Los enemigos intentan separar pueblo y Gobierno, pueblo y Partido, porque saben que la unidad es nuestro recurso más valioso. Unidad que no incluye anexionistas, vendepatrias ni corruptos, pero que es erosionada por prácticas dañinas que no pueden ser la Revolución. Las burbujas de confort son enajenantes en las redes digitales, y también en los procesos de dirección. No es rodeándonos de quienes solo dicen lo que creen quiere escuchar el jefe como se puede impulsar la transformación revolucionaria de la realidad. El que promete y no cumple; el que, lejos del ejemplo personal, vimos llamar desde su cargo a la participación activa en las redes y hoy –ya sin esa responsabilidad– tiene sus perfiles en silencio en momentos de definición, o peor, desde ellos coquetea con quienes nos condenan, hace tanto daño como varios planes subversivos juntos. La exclusión de la crítica honesta y frontal para acomodarnos al oportunista que lejos de servir al pueblo y a la Revolución, solo quiere perpetuarse en un cargo, es un virus que tiene como vacuna la integridad de los candidatos a la adulación.
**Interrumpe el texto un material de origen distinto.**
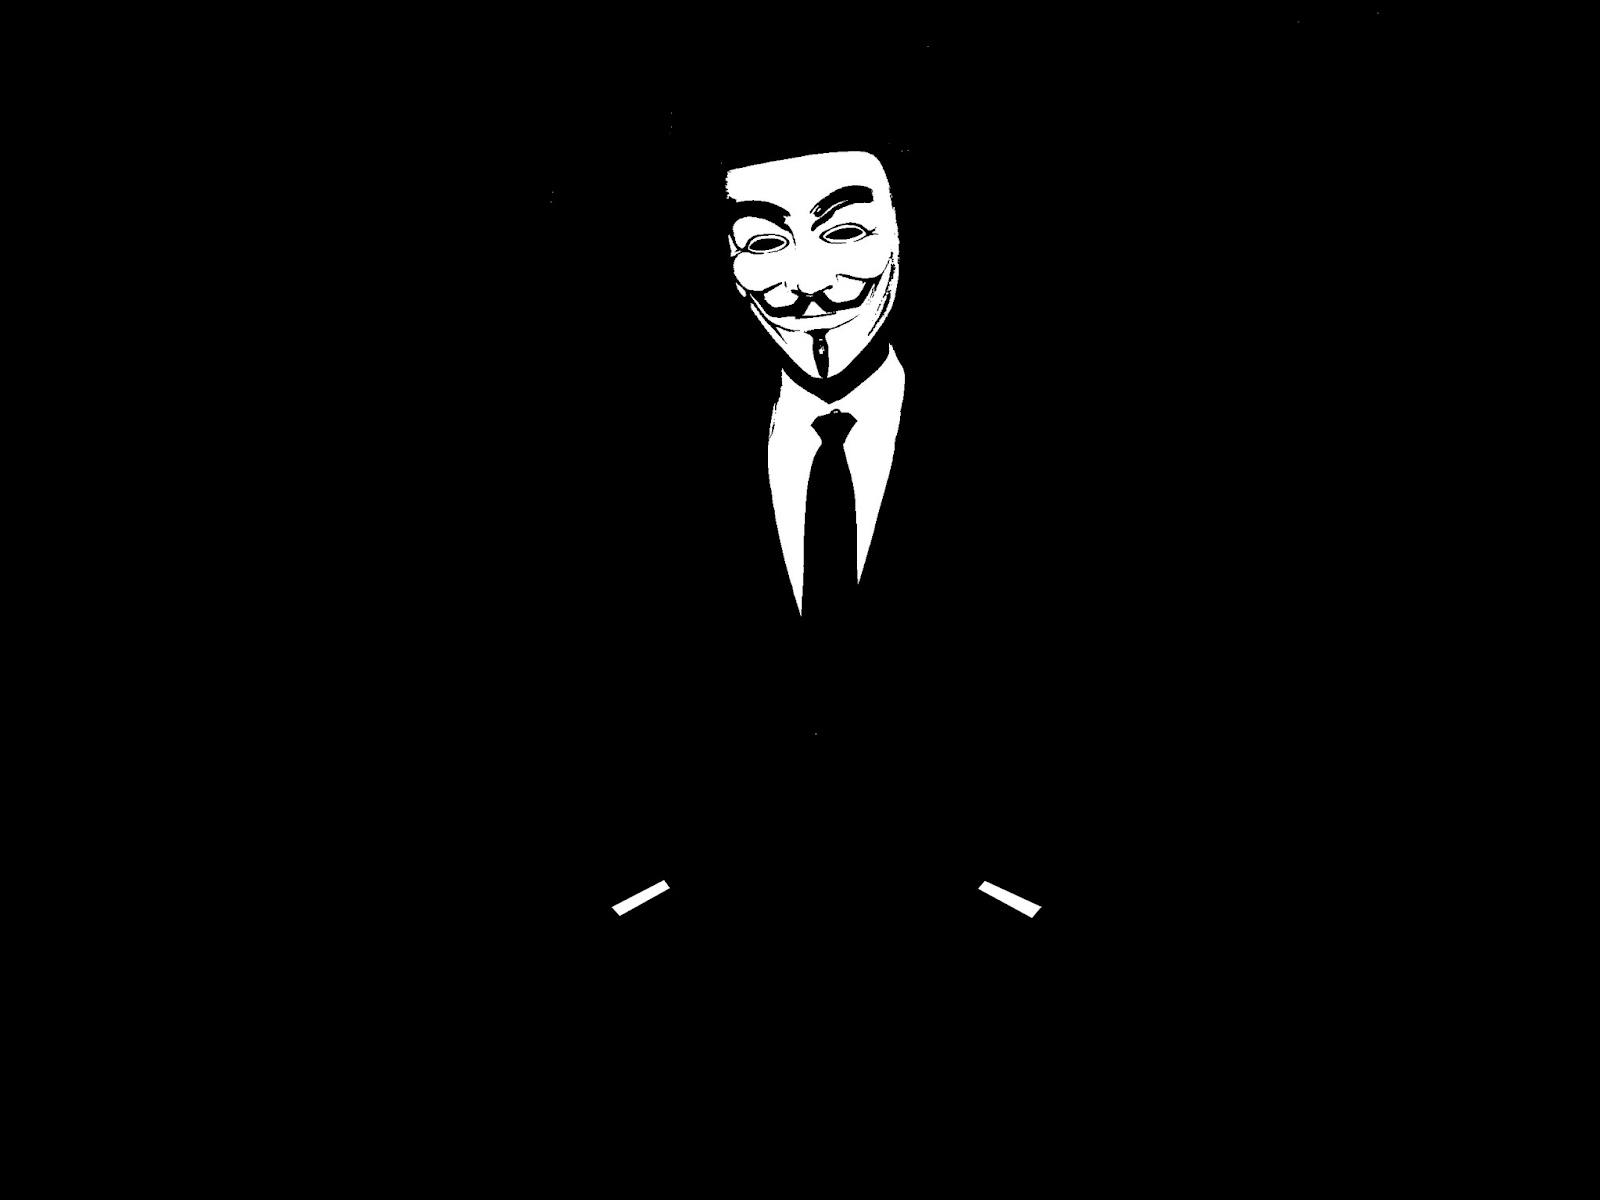 Wallpaper iphone gelap - Gudangnya Gambar Dan Hd Wallpaper Keren Pc Komputer Iphone Android 30 Wallpaper Hd Anonymous

Vivimos una guerra simbólica. Julio César La Cruz, con su grito de dignidad en Tokio, nos ha recordado que no siempre hemos estimado lo simbólico en su real valor, cuando han sido cada vez más escasas las producciones de carácter épico o lúdico con destino a nuestros más jóvenes compatriotas, y sabemos, gracias a Fidel, que el desideologizador enfoque economicista y cortoplacista de la cultura y del deporte no es lo que debe primar entre nosotros.

No comunicar con efectividad las nuevas circunstancias de la lucha ideológica en tiempos de internet, el tratamiento burocrático a reclamos legítimos como el de no resignarnos a la cola como método de distribución, la desmovilización que no ve al pueblo como protagonista central del enfrentamiento con el imperialismo, la subestimación del costo de no prepararnos culturalmente a escala de toda la sociedad para el escenario digital, la devaluación de los métodos fidelistas para la reconexión con sectores sociales vulnerables, la visión tecnocrática de las soluciones, no son prácticas revolucionarias y tienen que ser barridas de nuestra ejecutoria política.

En nombre de esa unidad, el Primer Secretario de nuestro Partido ha llamado a defender la paz para todos y todas, como las vacunas, las escuelas y los hospitales que desde hace más de 60 años no preguntan en Cuba por filiación política. Defendemos la paz, incluso para quienes salieron a dañarla, porque las bombas, que si nos fragmentamos complacerían cayendo aquí a quienes las exigen contra nosotros desde sus cómodas 90 millas de distancia, no tienen nombre y apellidos ni preguntarán si eres revolucionario o no.

Es el pueblo cubano el que ha pagado con miles de vidas el derecho a decidir su futuro en paz, por la justicia que se fueron al Moncada los de la Generación del Centenario y han llegado hasta hoy custodiándola, y a esa altura hay que estar, con todos los cubanos que quieran a Cuba libre del yugo yanqui, hagan lo que hagan y digan lo que digan los imperialistas, llámense Joe Biden o Donald Trump.